Mariana just shrugged.
“This won’t work,” Kate said, trying to drag the conversation back into some sort of sensible channel. “We don’t even look alike.”
“Of course you do!” Mariana snapped.
“Well, actually, we don’t,” Victoria said. “I—well, I look like me and Kate, well . . .” She floundered to a halt.
“What Victoria is trying to say is that she is remarkably beautiful,” Kate said, feeling her heart like a little stone in her chest, “and I am not. Put that together with the fact that we are stepsisters related only by marriage, and there’s no more resemblance between us than any pair of Englishwomen seen together.”
“You have the same color hair,” Mariana said, dragging on her cigarillo.
“Really?” Victoria said doubtfully.
Actually, Mariana was probably right. But Victoria’s hair was cut in pretty curls around her head, in the very newest style, and fixed with a delicate bandeau. Kate brushed hers out in the morning, twisted it about, and pinned it flat to her head. She had no time for meticulous grooming. More accurately, she had no time for grooming at all.

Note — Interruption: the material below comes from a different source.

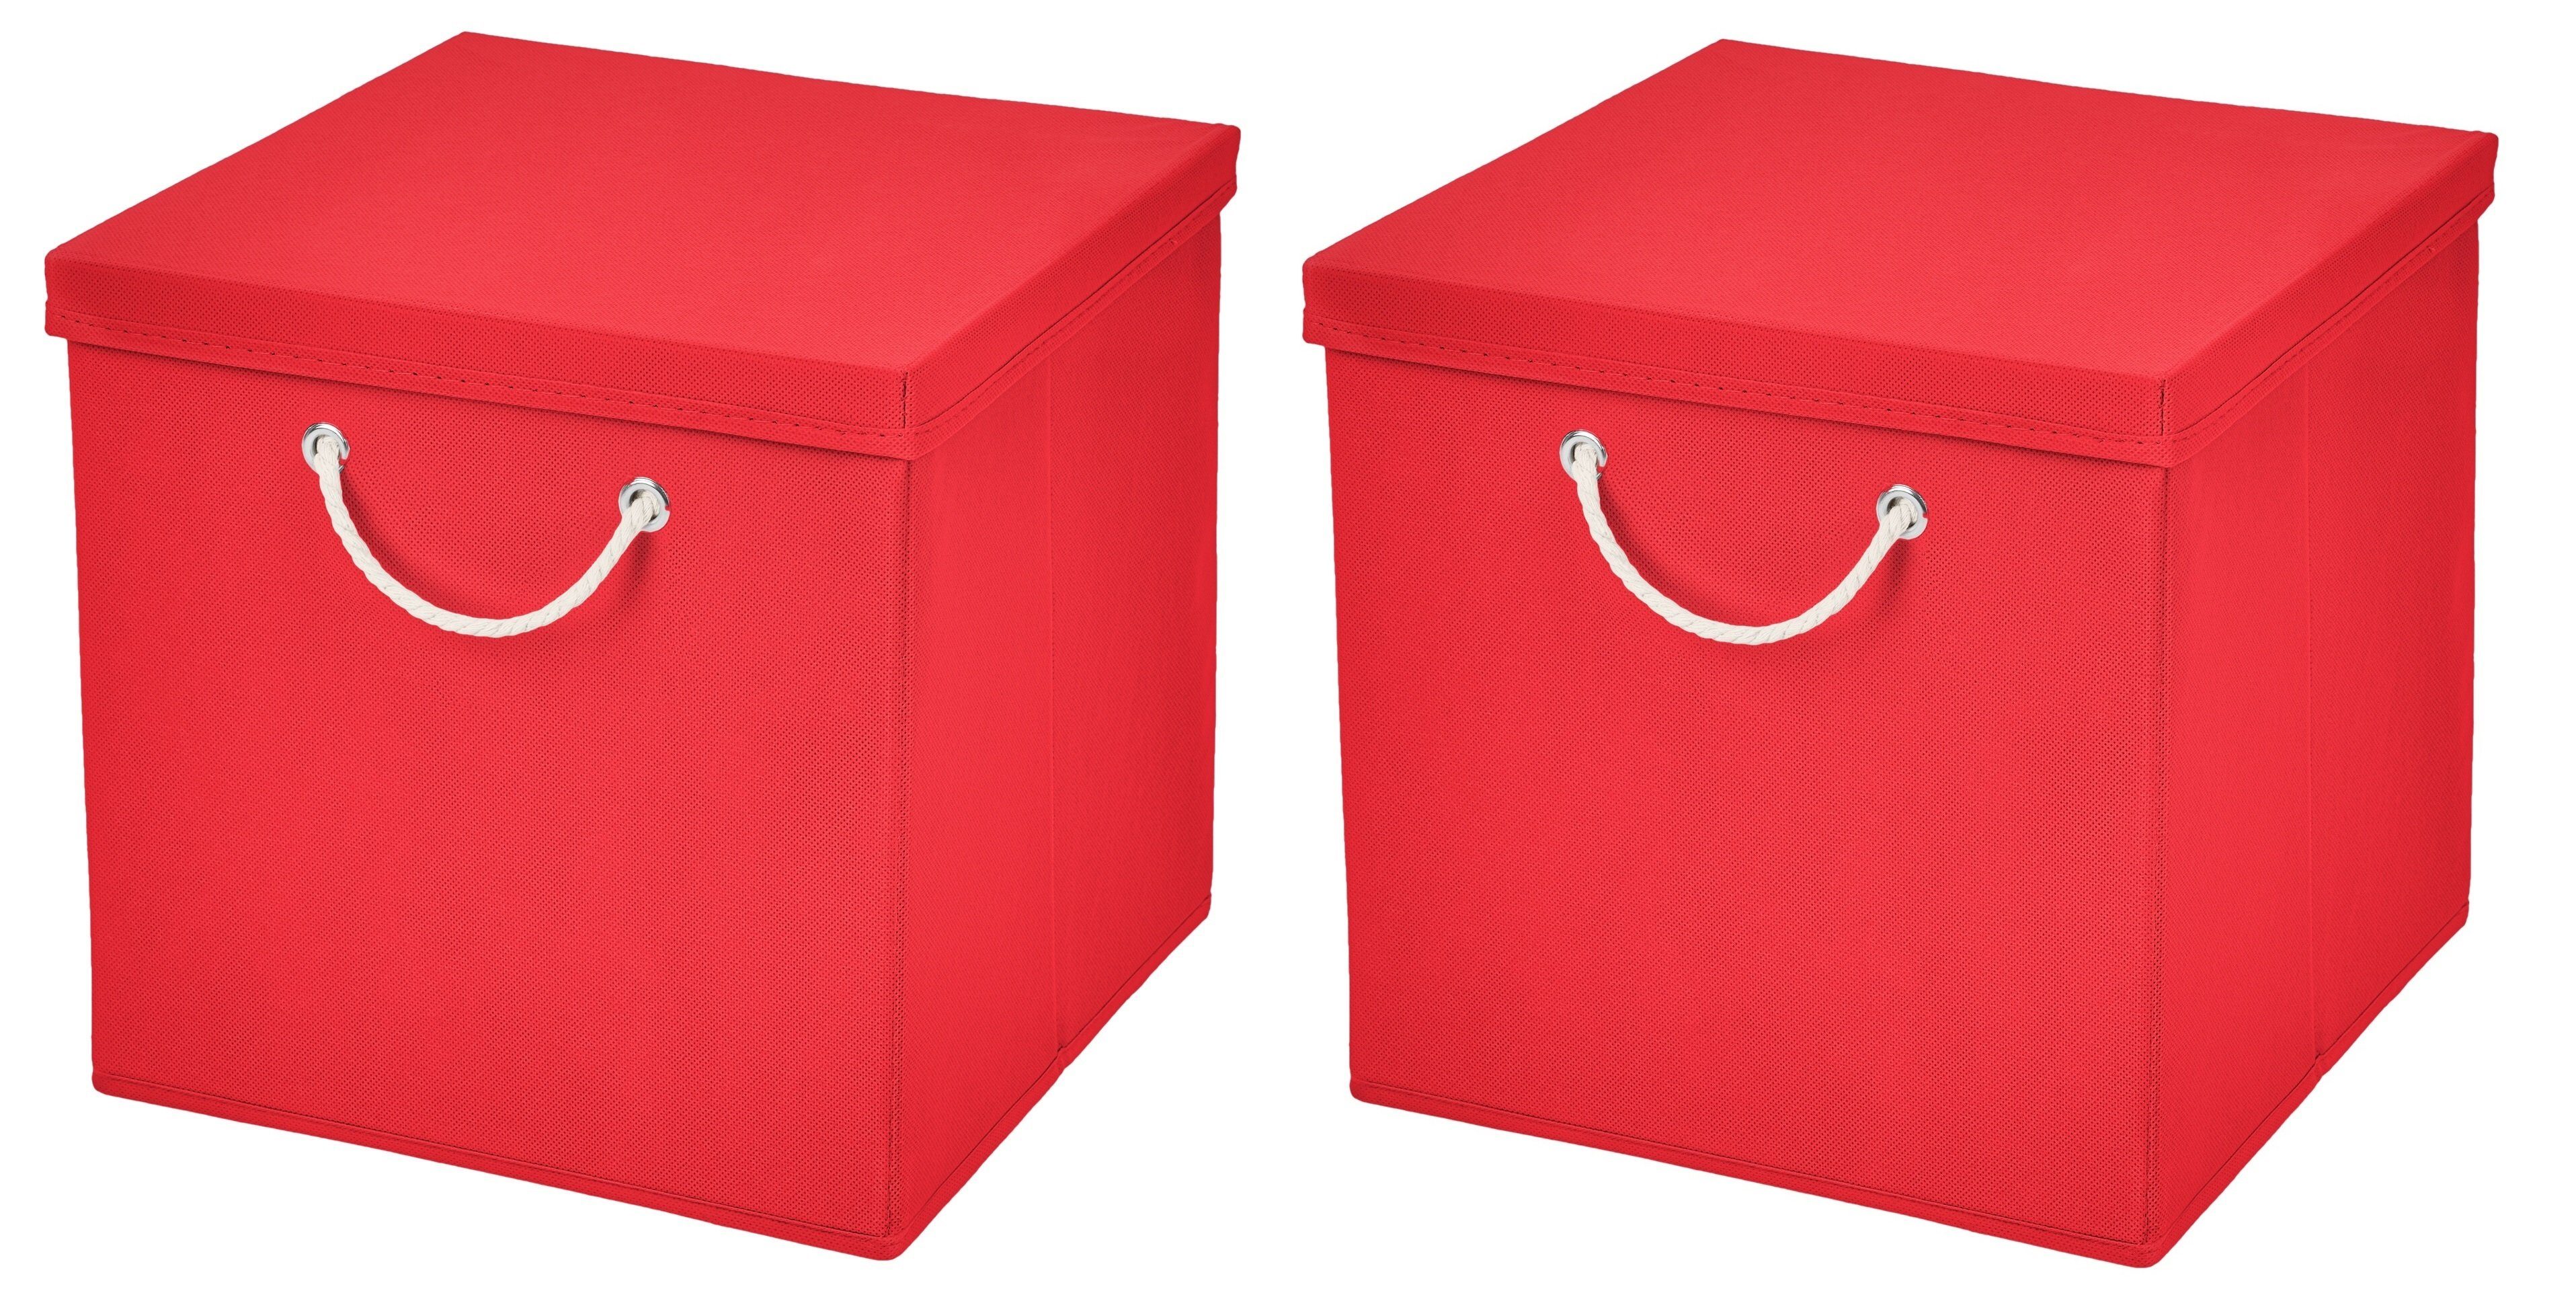 Faltbox 30x30x30 cm mit Deckel in vielen Farben - Martimi Kordel
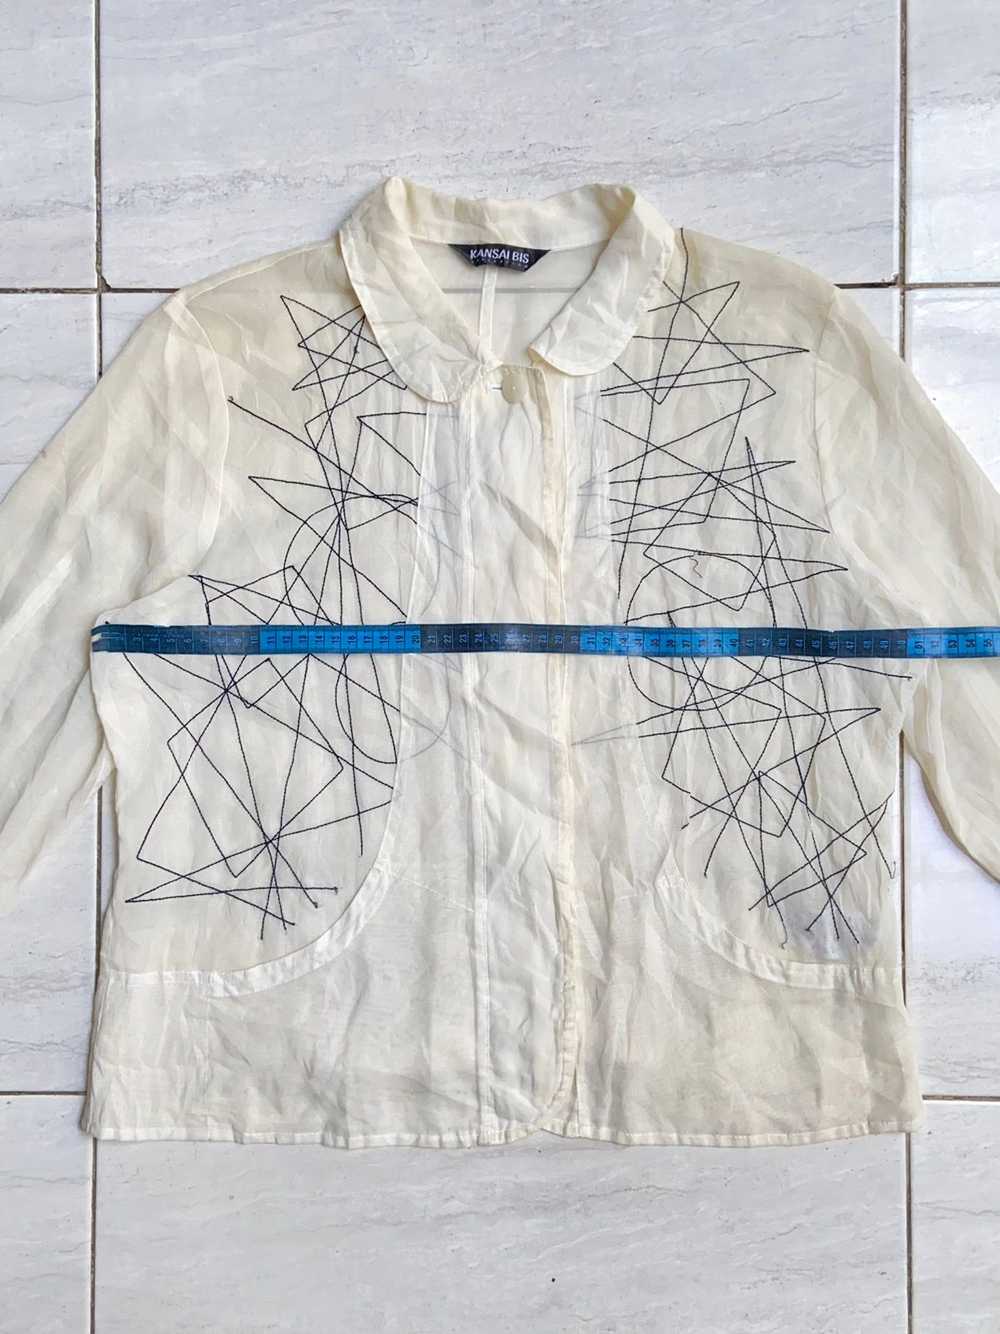 Kansai Yamamoto KANSAI BIS White Mesh Shirt - image 3

“You’re cracked,” Kate said, staring at her stepmother. “You can’t pass me off as your daughter.”
Victoria was frowning now. “I’m afraid she’s right, Mother. I wasn’t thinking.”
Mariana had a kind of tight look about her eyes that Kate knew from long experience signaled true rage. But for once, she was rather perplexed about why.
“Kate is taller than I am,” Victoria said, counting on her fingers. “Her hair is a little more yellow, not to mention long, and we don’t have the same sort of look at all. Even if she put on my clothing—”
“She’s your sister,” Mariana said, her mouth tight, as if the copper pipe had been hammered flat.
“She’s my stepsister,” Kate said patiently. “The fact that you married my father does not make us blood relatives, and your first husband—”
“She’s your sister .”
Two
Pomeroy Castle
Lancashire
Y our Highness.”
The prince in question, whose given name was Gabriel Albrecht-Frederick William von Aschenberg of Warl-Marburg-Baalsfeld, looked up to find his majordomo, Berwick, holding a salver. “I’ve got this unguentarium all in pieces, Wick. Speak quickly.”
“Unguentarium,” Wick said with distaste. “It sounds like a salacious item one might buy in Paris. The wrong side of Paris,” he added.
“Spare me your quibbles,” Gabriel said. “This particular jug was meant for the dead, not the living. It used to hold six small bones for playing knucklebones, and was found in a child’s grave.”
Wick bent nearer and peered at the pieces of clay scattered across the desk. “Where are the knucklebones?”
“The knuckleboned Biggitstiff threw them out. In fact, he threw this little jug out too, since the child was poor, and he is only interested in ravaging the tombs of kings. I’m trying to see whether I can identify how the top, which I don’t have, was attached. I think there were bronze rivets attached to both these pieces.” He pointed. “And the rivets were mended at least once before the unguentarium was put in the tomb, see?”